Ports the CUDA turbo3 pipeline to Metal so --kv-cache turbo3 works on Apple Silicon backends. New MSL kernels in metal/dsv4_turbo3.metal: - pack: in-place quant of fp16 KV row to 431 packed bytes - dequant-to-scratch: reconstruct fp16 row for the existing fp8 attention path (Wave M0/M1) - attention decode: inline-dequant turbo3 row directly in the K-dot and V-acc inner loops, dispatched via decode_heads_turbo3_tensor and decode_mixed_batch_turbo3_heads_tensor (Wave M2-M5) Lifts the --kv-cache turbo3 + Metal engine-open guard that the earlier "Metal kernel deferred" commit installed. The in-place quant on Metal currently delegates to the fp8 pack + post-pass turbo3 path; a native cooperative-WHT MSL quant is gated behind DS4_METAL_TURBO3_QUANT_NATIVE=1 (debug only - a known cooperative-WHT bug in the native kernel is being investigated separately). The decode/attention path is fully native. Bench, M5 Max 128 GB, Qwen3.6-A3B IQ2XXS, "What is 2+2?": fp8: prefill 45.98 t/s, decode 36.36 t/s, ppl 3.3596 turbo3: prefill 59.27 t/s (+29%), decode 30.20 t/s, ppl 3.4283 (+2.04%) KV row 2048 B -> 431 B (4.75x reduction), preserved across the port.

Upstream commit 23e1ea5 ("Store Metal attention compressed KV cache in F16") added the comp_kv_f16 parameter to the attention launcher signature but did not update tests/cuda_long_context_smoke.c, so make cuda-regression has been failing to build on main. Pass 0 here (the CUDA path stores comp_kv as float32 at default build settings, matching what the test prepares). Restores make cuda-regression to a buildable state on the CUDA backend.

ASCII hyphens (-) only across new comments and docstrings.

Stripped workflow labels ("Phase 1/2/2a/2b/2b Wave M0-M2/2c v2/3a/9") that referenced an internal phasing scheme meaningless to readers; replaced with descriptive ASCII phrases or deleted where the surrounding sentence still reads cleanly.

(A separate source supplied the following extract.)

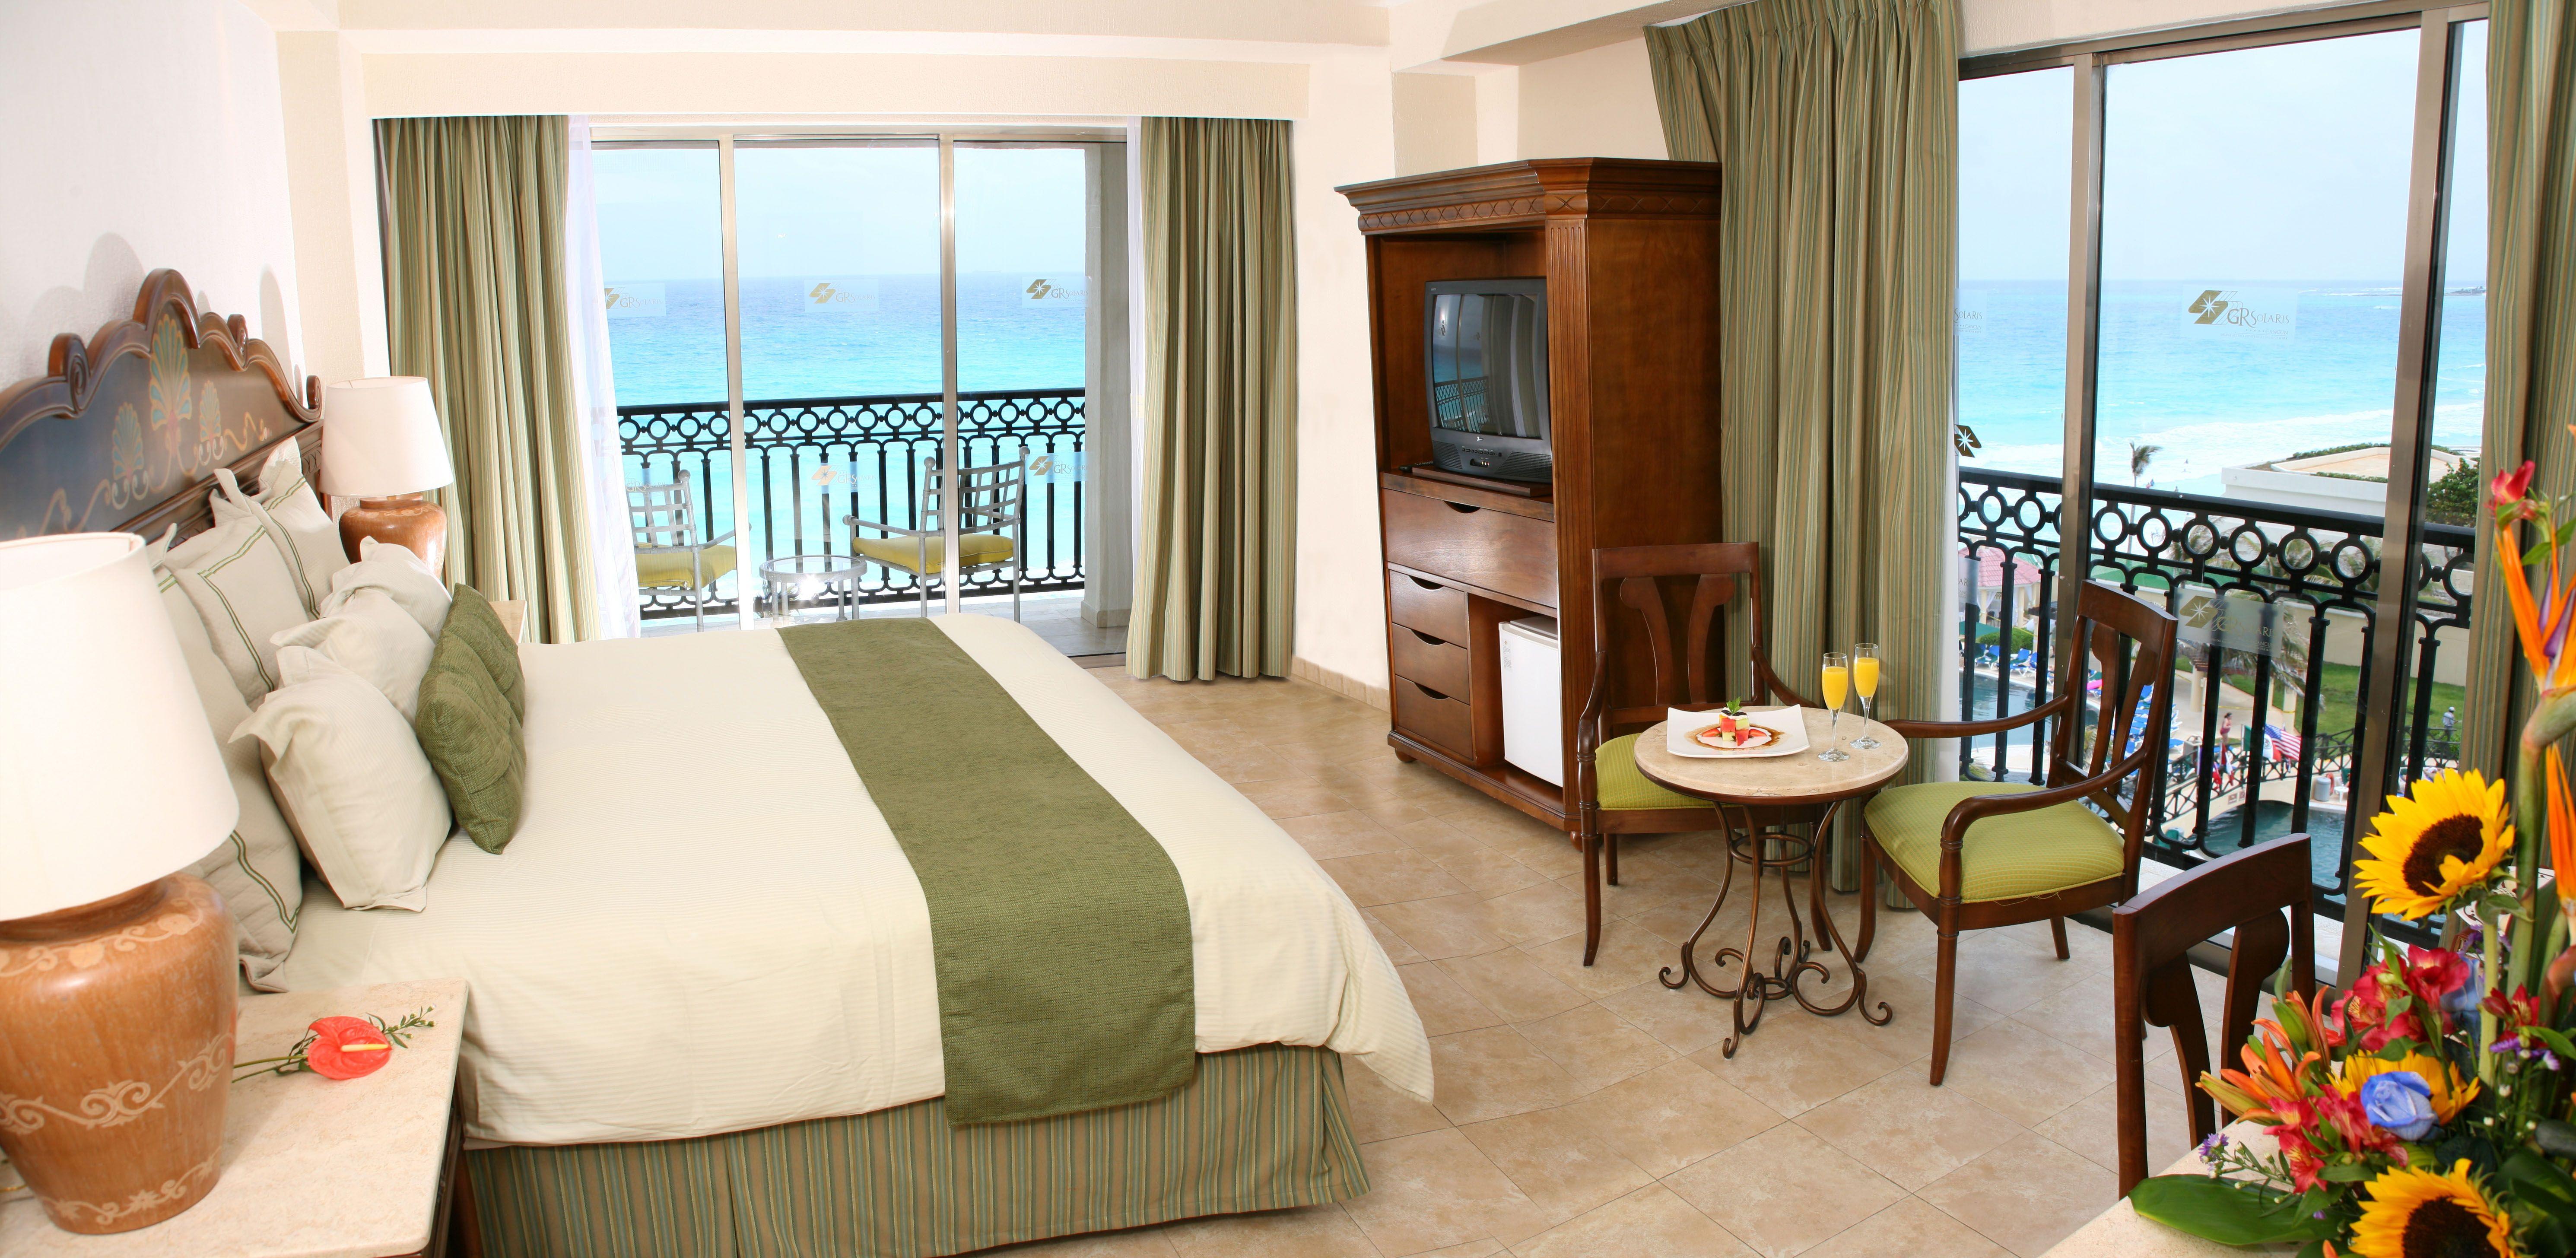 Royal Solaris Cancun Resort - Royal Solaris - GR Solaris Cancun Resorts (Royal Solaris Cancún, Deluxe Ocean View)

Removed dead pointers to docs/turbo3-roadmap.md (file is not in this PR). Swapped Unicode box-drawing dividers and arrows for ASCII (===, ->, *, <=) to match antirez's existing section headers. Shortened a few verbose comment blocks. Also fixed "GB10" used as machine name in two spots to "GX10" (the machine; GB10 is the Blackwell chip).

TheTom · 2026-05-24T19:31:48Z

Ran two targeted tests on the MLA-stacking concern.

1. Long-context fact retrieval (./ds4_test --long-context) — 30,474-token NIAH-style prompt, asserts model retrieves spelled-out person-number assignments from prose:

./ds4_test --long-context                                # fp8:    PASS
DS4_TEST_KV_DTYPE=turbo3 ./ds4_test --long-context       # turbo3: PASS

Recall is preserved end-to-end. The MLA latent + 3-bit stack doesn't break the test on Mac Metal.

2. KLD vs fp8 baseline as context grows, same long_context_story_prompt.txt, full vocab (129,280), GX10 / CUDA / IQ2XXS:

positions	KLD mean (nats)	KLD max	top-1	top-5
255	0.036	0.554	93.3%	99.6%
2,047	0.033	1.146	93.8%	99.7%
8,191	0.009	1.146	98.3%	99.9%

KLD dropped 3.6x as context grew 2K -> 8K, and top-1 agreement improved 4.5%. Compounding didn't happen at the contexts I tested - looks like sparser long-context attention patterns let the matched-norm L2 scale absorb the quantization noise rather than amplify it.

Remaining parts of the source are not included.